▶ **Source material**:
BEGIN
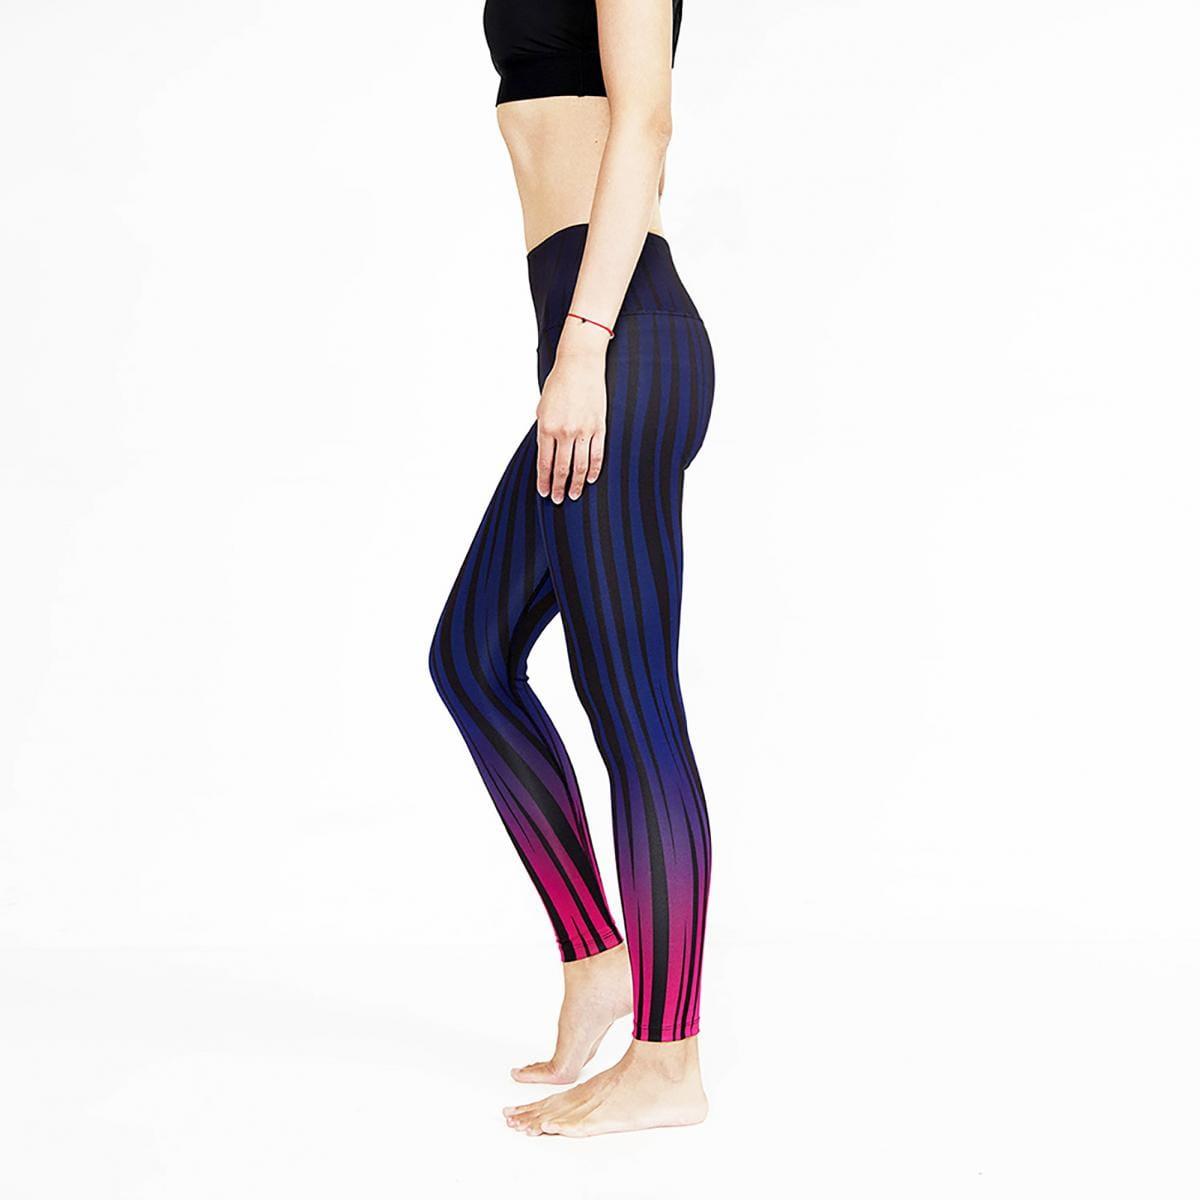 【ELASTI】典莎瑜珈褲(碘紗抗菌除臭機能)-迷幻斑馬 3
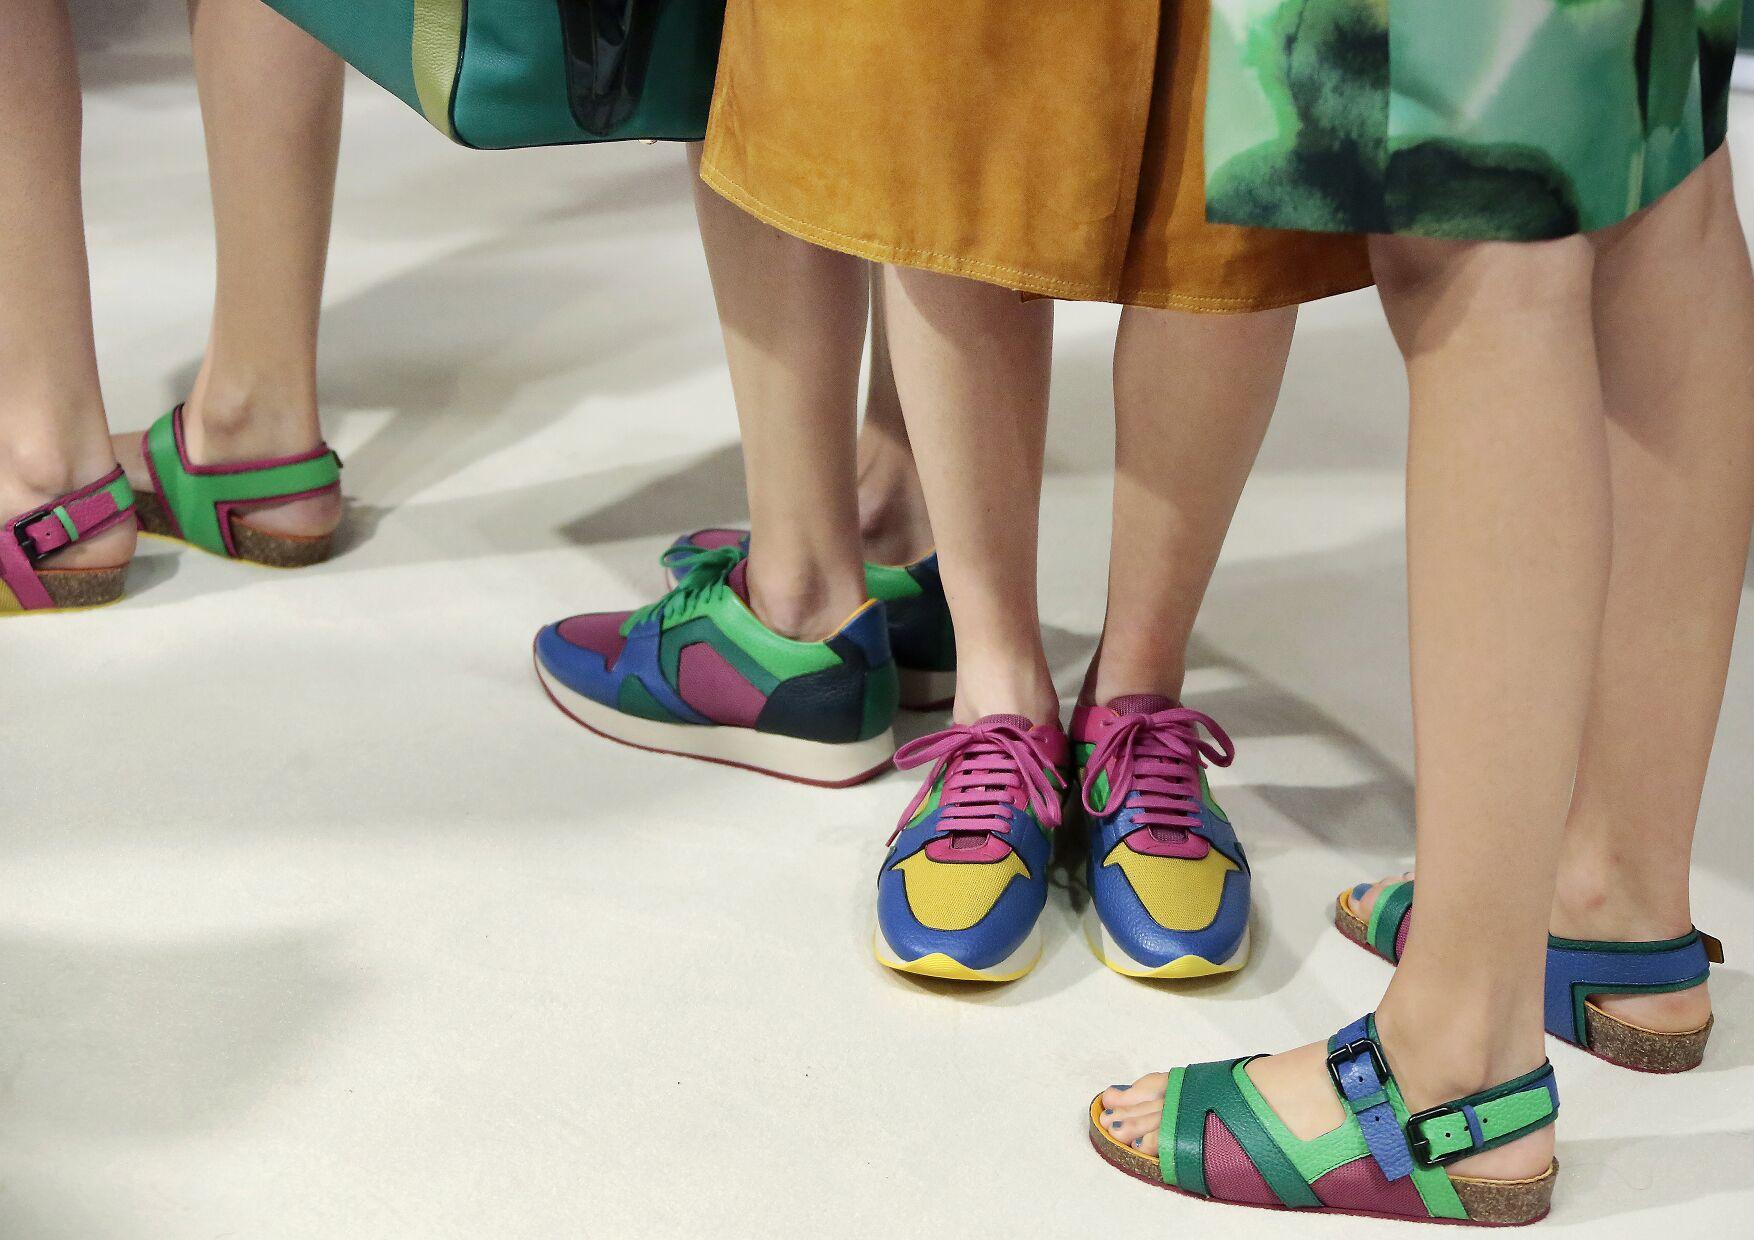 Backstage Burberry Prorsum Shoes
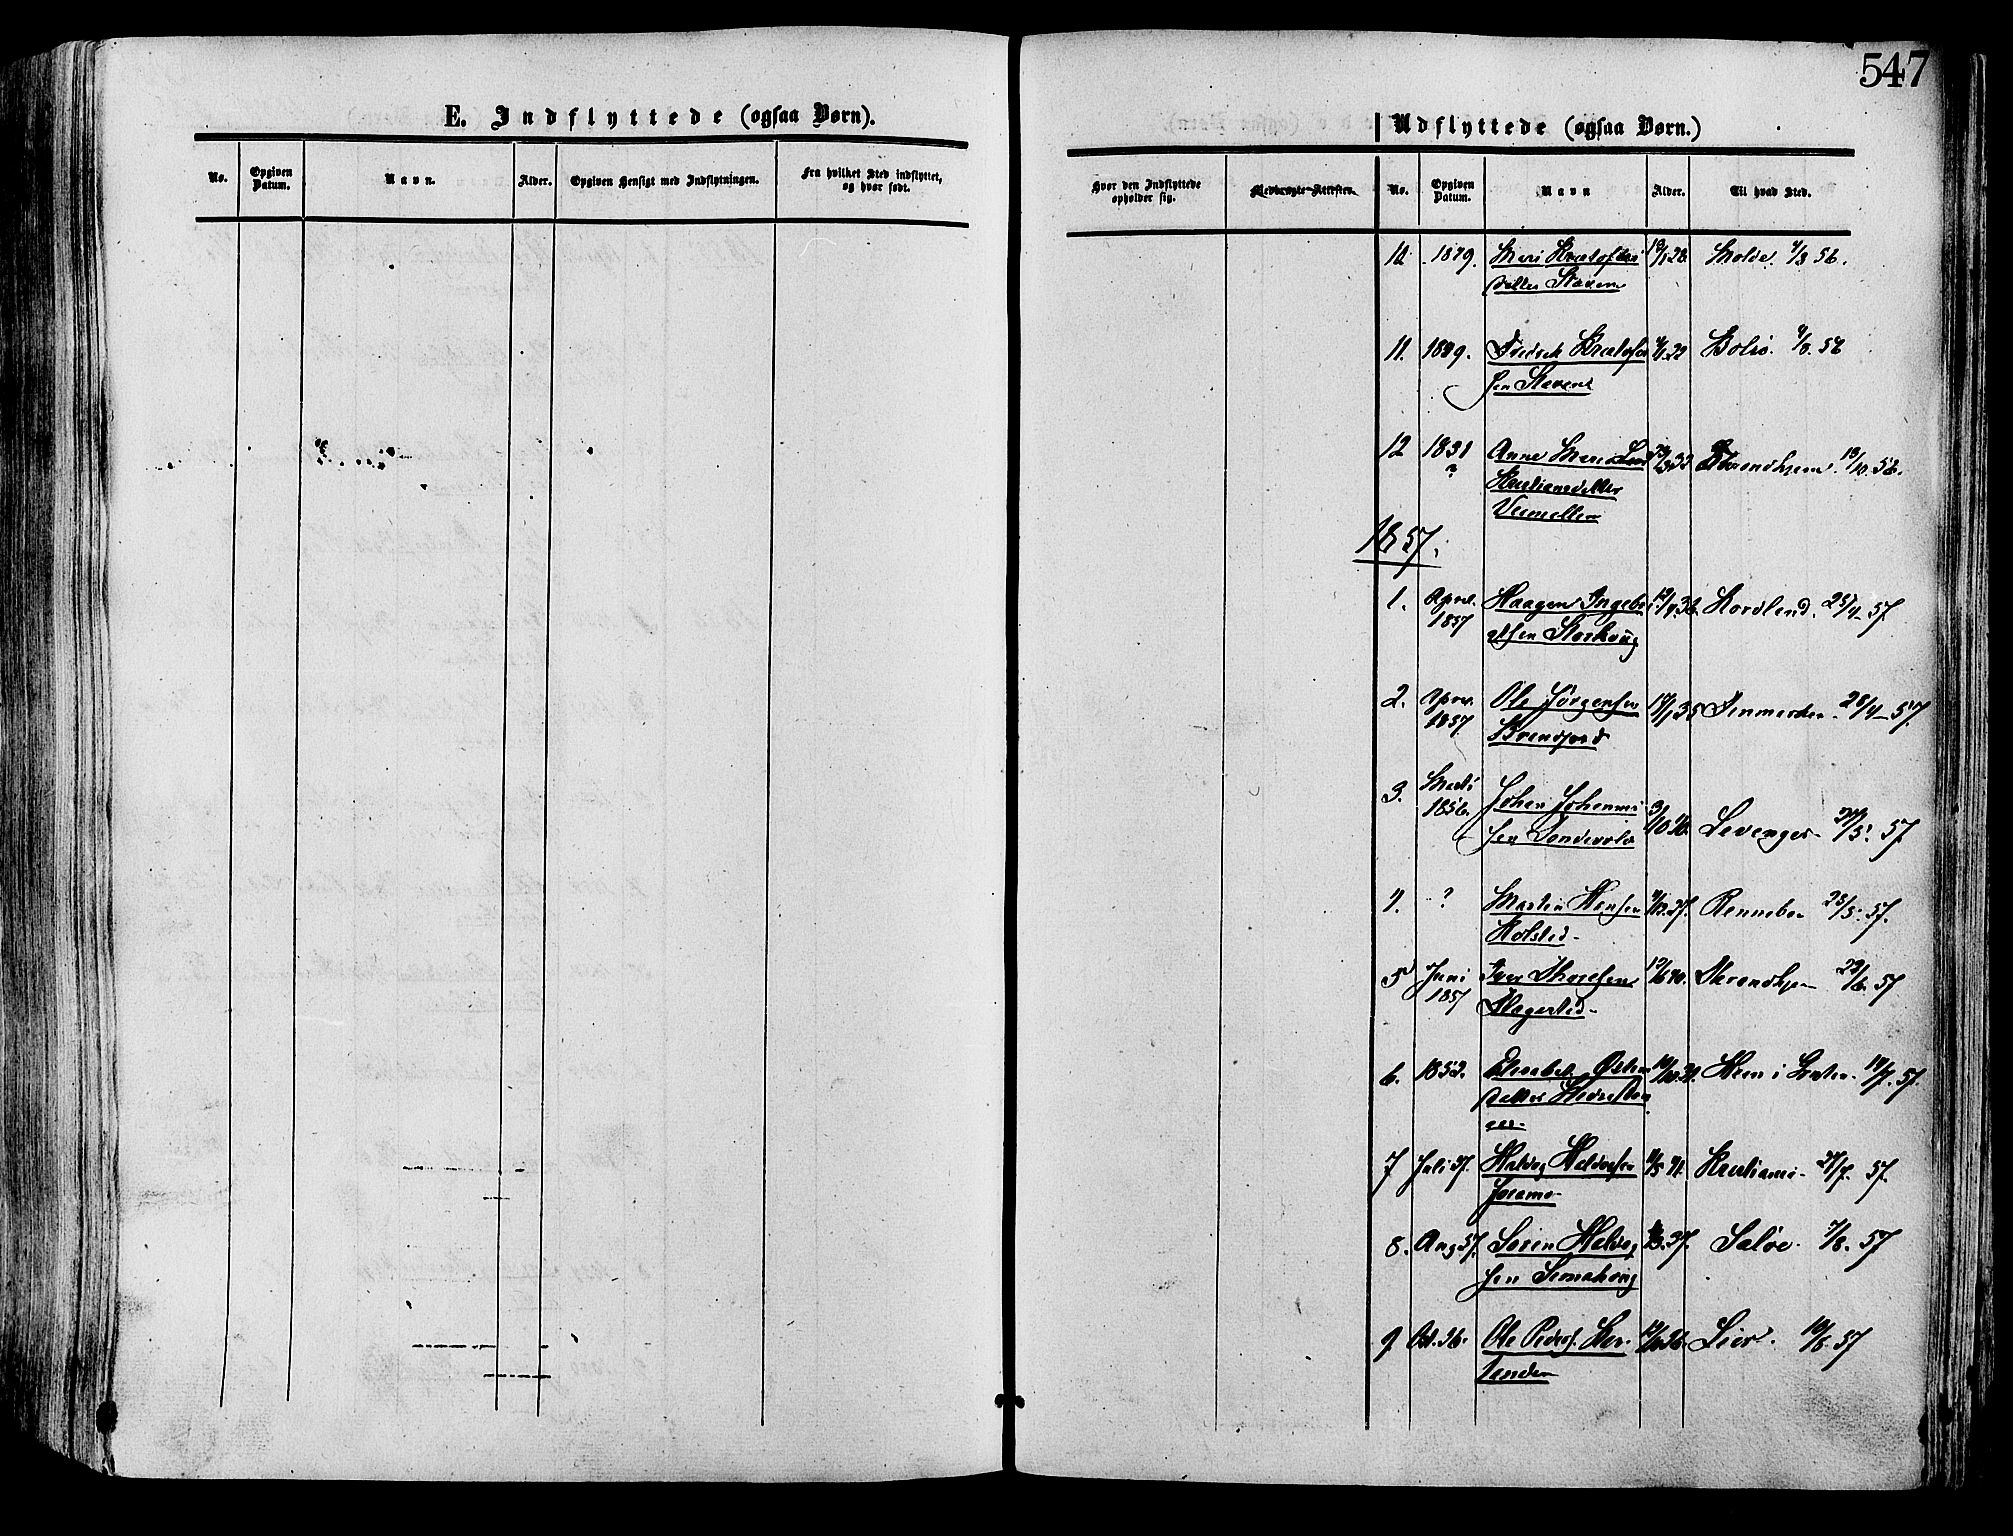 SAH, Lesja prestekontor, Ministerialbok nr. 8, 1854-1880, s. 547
END
▶ **Try it**: Reproduce the lines above exactly, please, but not the pictures in them.

▶ **Answer box**:
 【ELASTI】典莎瑜珈褲(碘紗抗菌除臭機能)-迷幻斑馬 3
 Backstage Burberry Prorsum Shoes
 SAH, Lesja prestekontor, Ministerialbok nr. 8, 1854-1880, s. 547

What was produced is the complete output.